In summer 2014, I was fortunate enough to be selected to participate in a Research Experience for Undergraduates (REU) hosted here at UMBC. The REU focused primarily on high-performance computing and how parallel algorithms can be applied to various computational problems. All of the participants were assigned to teams and given an accelerated course on parallel algorithms. We were then exposed to several ongoing research projects that applied the techniques we learned. My group decided to pursue a topic under Dr. Thomas Salter of the Advanced Computing Systems Research Program. This involved performing a set of taxing software tests, called benchmarks, on maya, one of the two supercomputers at UMBC. By doing this, we gained valuable information on how the supercomputer functions. This knowledge can be applied to future research projects both within and outside the Department of Mathematics and Statistics. We decided to use the High Performance Conjugate Gradient (HPCG) benchmark because it is a well-known, respected benchmark that has its results published. The following paper provides the results of multiple experiments and explains what these results mean in the context of a parallel computing environment.

**[LEFT]** IRC 2013. Photography by Marlayna Demond, '11.

**[RIGHT]** Computer scientists programming punch cards, 1970s, University Archives, Special Collections, University of Maryland, Baltimore County (UMBC).

# ABSTRACT

Parallel architectures and algorithms sit at the forefront of highperformance computing as ways to decrease the execution time of a computationally intense problem. Parallel architecture is hardware that has multiple cores or multiple threads, and a parallel algorithm is a software algorithm designed to be able to use multiple cores or threads simultaneously. The supercomputer maya in the UMBC High Performance Computing Facility (HPCF) is designed to provide a resource for the researchers of various disciplines who require a powerful parallel computer to solve the problems they encounter in their work. Using the newly developed High Performance Conjugate Gradient (HPCG) benchmark (www.hpcg-benchmark.org) from Sandia National Laboratories, this effort identified several runtime optimizations that allow for maximum performance on maya. These optimizations nearly doubled the reported performance of the benchmark from previous tests. A total throughput of 450 GFLOP/s was achieved using only a fourth of the hardware available on maya.

### INTRODUCTION

The supercomputer maya is supported by the High Performance Computing Facility (HPCF) at the University of Maryland, Baltimore County (UMBC). It has more than 300 nodes equipped with powerful multi-core CPUs and several other cutting-edge technologies. Challenges include creating an environment that yields maximum performance and even knowing what level of performance should be expected. To address these challenges, a benchmark may be used to identify and measure an optimal runtime setup for use in other research applications. A benchmark is a portable program that runs a specified task on a system and returns a meaningful metric of the system's performance. A useful measure of performance for supercomputers is the number of FLoating-point OPerations per second (abbreviated as "FLOP/s"). Because supercomputers are capable of billions of operations per second, our results are reported in GFLOP/s (spoken as "GigaFLOPs"). One GFLOP/s is equal to exactly 1,000,000,000 FLOP/s.

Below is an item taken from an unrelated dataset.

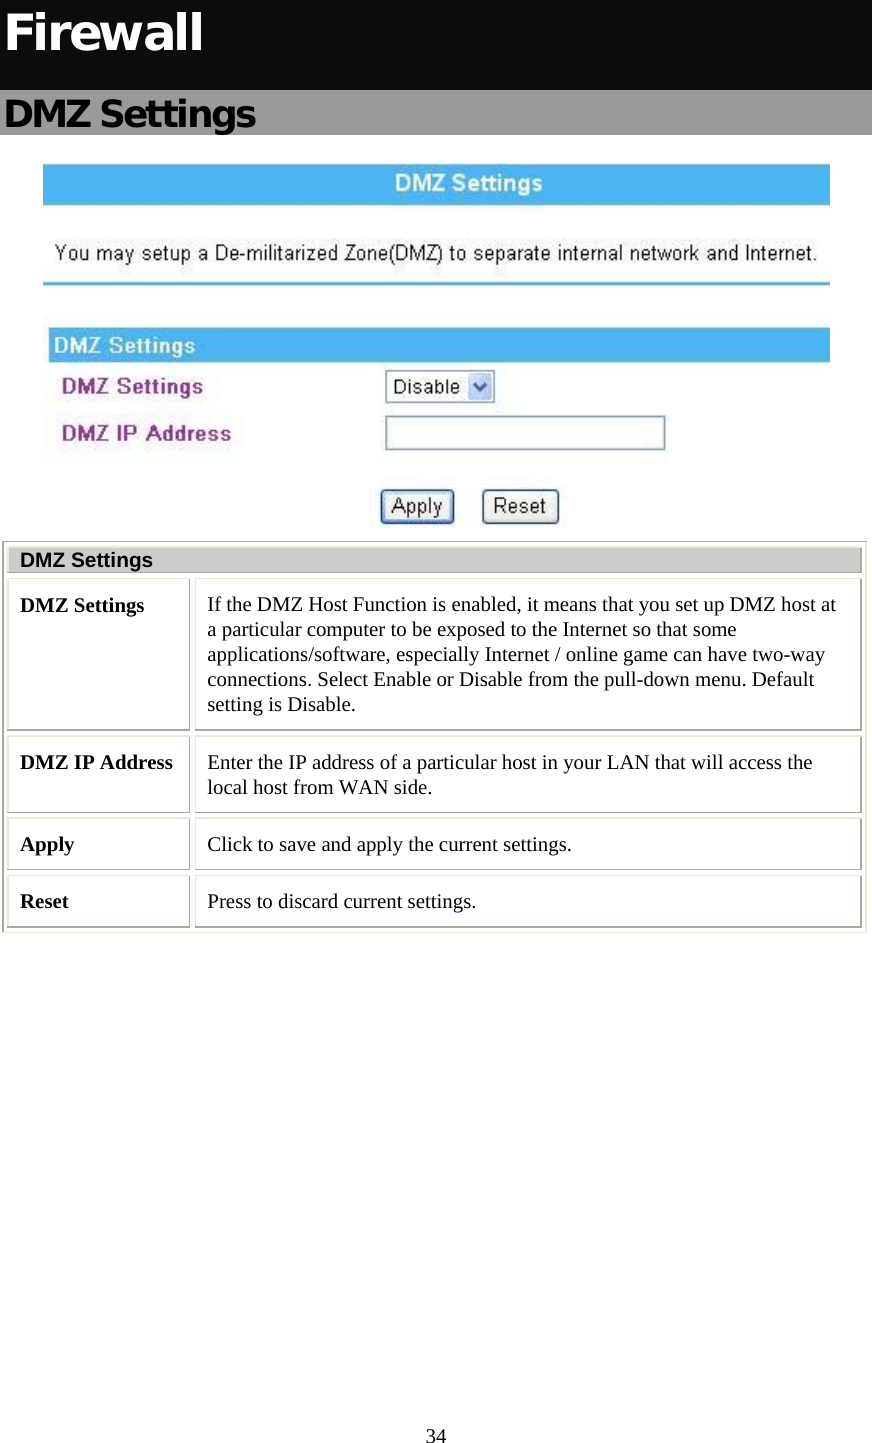   34 Firewall DMZ Settings  DMZ Settings DMZ Settings  If the DMZ Host Function is enabled, it means that you set up DMZ host at a particular computer to be exposed to the Internet so that some applications/software, especially Internet / online game can have two-way connections. Select Enable or Disable from the pull-down menu. Default setting is Disable. DMZ IP Address  Enter the IP address of a particular host in your LAN that will access the local host from WAN side. Apply  Click to save and apply the current settings. Reset  Press to discard current settings.

The High Performance Conjugate Gradient (HPCG) benchmark (www.hpcg-benchmark.org) from Sandia National Laboratories was used to test maya. This benchmark was recently developed to complement the more than 35-year-old High Performance LINPACK (HPL) benchmark. Both benchmarks solve large systems of linear equations. HPL solves a dense system of equations, while HPCG solves a sparse system of equations. Appropriately, the HPL benchmark uses a direct solver, while the HPCG benchmark uses a pre-conditioned iterative solver. HPCG reports computational throughput as a measure of performance. HPCG benchmark results have been reported for many of the top supercomputers in the world and are therefore appropriate for establishing comparisons to maya.

Past tests showed that increasing the number of threads led to an increase in computational throughput.<sup>3</sup> A greater increase in throughput was observed when the number of processes was increased. Total throughput decreased, however, when the sum of the number of processes on each node and the number of threads on each node exceeded 16. This was because although we were spawning more processes, we had no available hardware to execute them. In light of this observation, future trials kept the number of cores assigned to each job equal to the sum of the number of processes and the number of threads.

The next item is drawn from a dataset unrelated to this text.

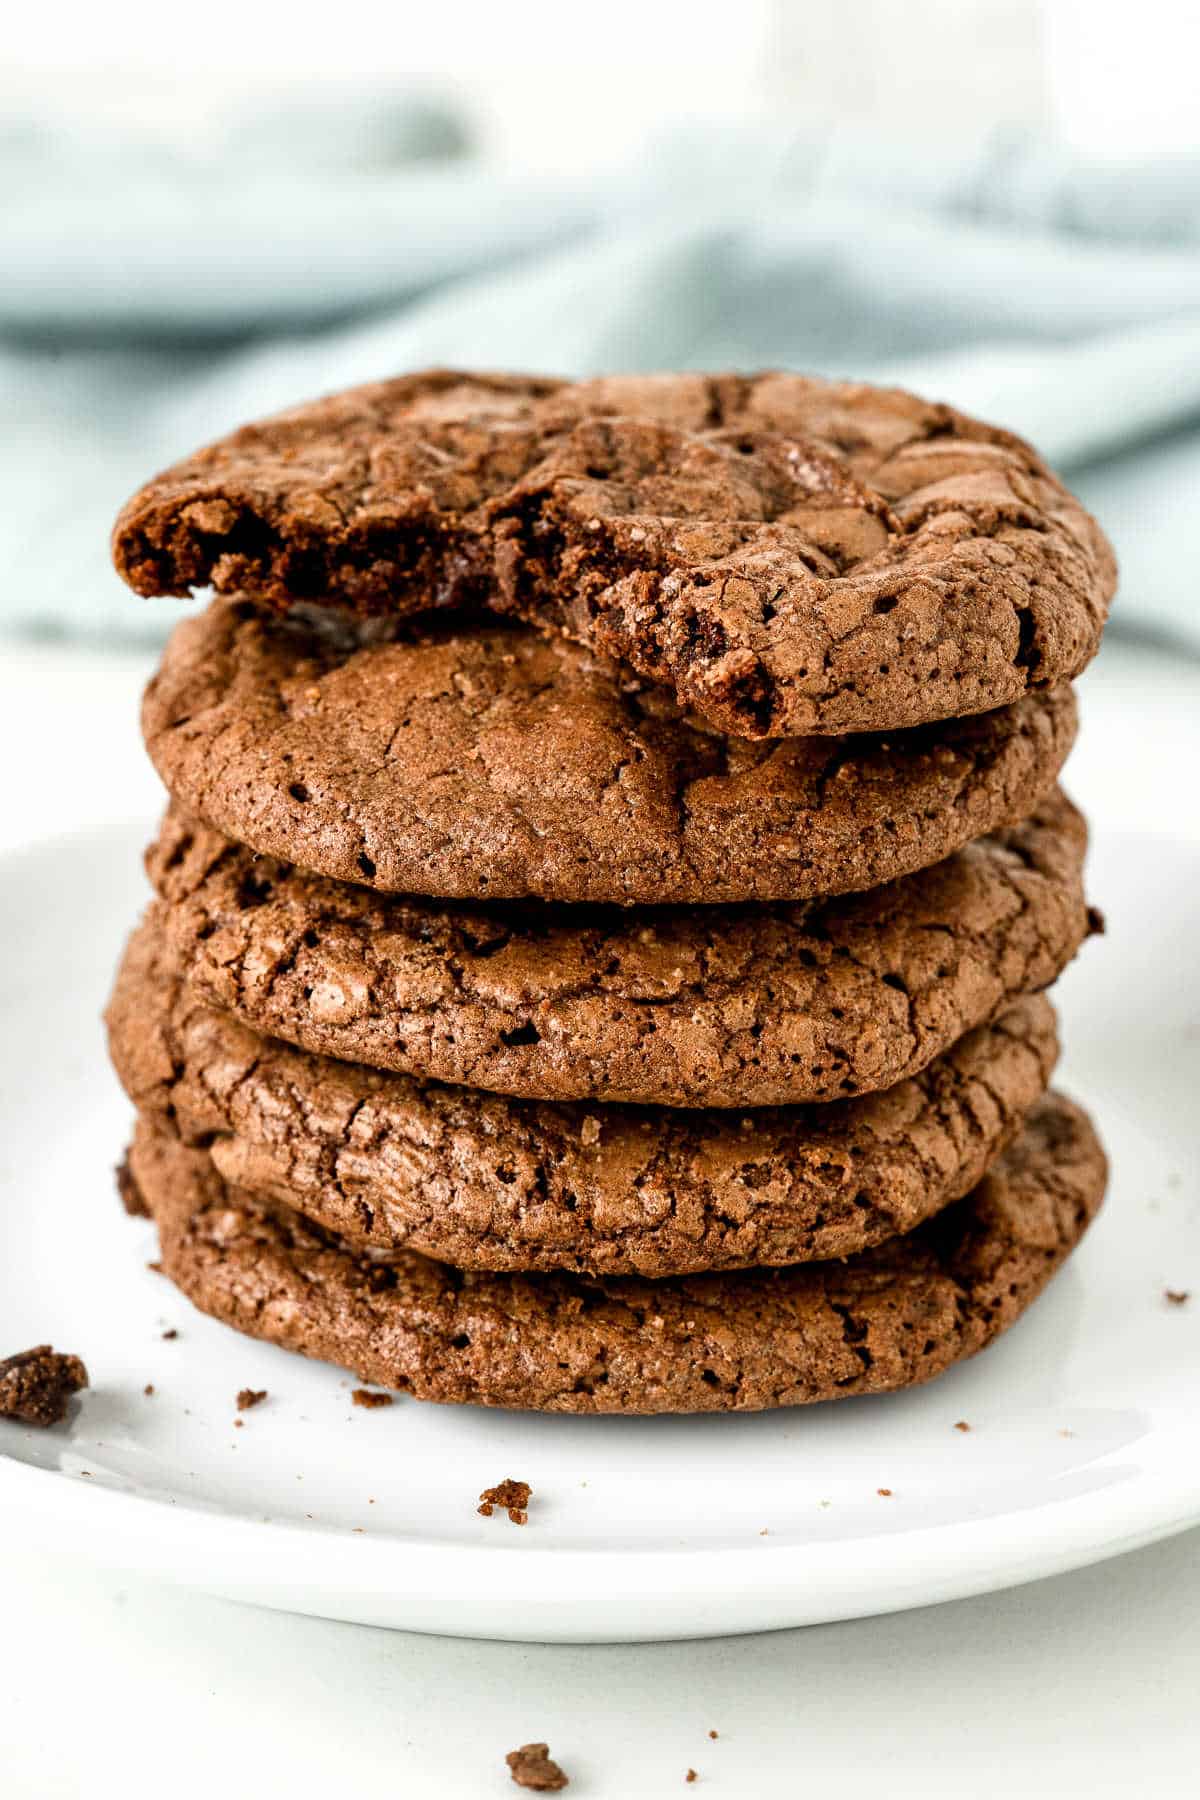 Stack of brownie cookies, the top one is bitten on a white plate. Blue cloth in the background.

It was also found that an increase in throughput could be achieved by increasing the problem size.<sup>3</sup> As the problem size increased, so did the density of calculations, which resulted in higher throughput and less time spent fetching memory.

### HARDWARE SPECIFICATION

This report focuses on the 72 newest nodes in maya, 69 of which are compute nodes. Each of these compute nodes has two eight-core 2.6-GHz Intel<sup>®</sup> E5-2650v2 Ivy Bridge CPUs. Figure 1 shows a schematic of one of the compute nodes. Each core has dedicated 32 kB of L1 cache and 256 kB of L2 cache; 20 MB of L3 cache is shared among the eight cores of each CPU. The 64 GB of each node's memory is formed by eight 8-GB DIMMs, and each CPU is connected to four DIMMs. Two QuickPath Interconnect (QPI) links connect the two CPUs of each node, and the nodes are connected to each other through a Quad data rate (QDR) InfiniBand interconnect.



FIGURE 1. Illustration of compute node architecture with dual sockets, showing the physical cores within each socket, on-chip cache, and memory channels.

### SOFTWARE

The HPCG benchmark is capable of integrating several different libraries and data structures. The options available thanks to this capability have a large impact on the execution of the benchmark and consequently its total computational throughput. In our tests, we made use of Message Passing Interface (MPI)<sup>7</sup> for process-level parallelism and OpenMP<sup>®</sup> for thread-level parallelism. We ran the benchmark with varying numbers of threads and processes.

In the context of this paper, a process is a task that requires computation time on a CPU and that is represented by a Process Control Block (PCB) and an independent memory space for associated data. The PCB holds all of the state variables of the process. The memory needed to maintain these features can reduce throughput by increasing the number of cache misses and the amount of input/output between the CPU and main memory. Also, because each process has its own memory space, each process must use MPI to communicate essential data.<sup>7</sup> While communicating with main memory or sending and receiving messages through MPI, a process is idling, which decreases total throughout. Threads can be thought of as stripped-down processes. Like processes, threads require computation time from the CPU, but they lack several features of a process. Specifically, a thread has no PCB or independent memory space; instead, it shares the memory of its parent process with any other threads that may exist within it. Because of this, threads waste less memory than processes do, and an explicit interface is not needed to pass data between threads within a process. As a result, the computational efficiency of a thread is greater than that of a process.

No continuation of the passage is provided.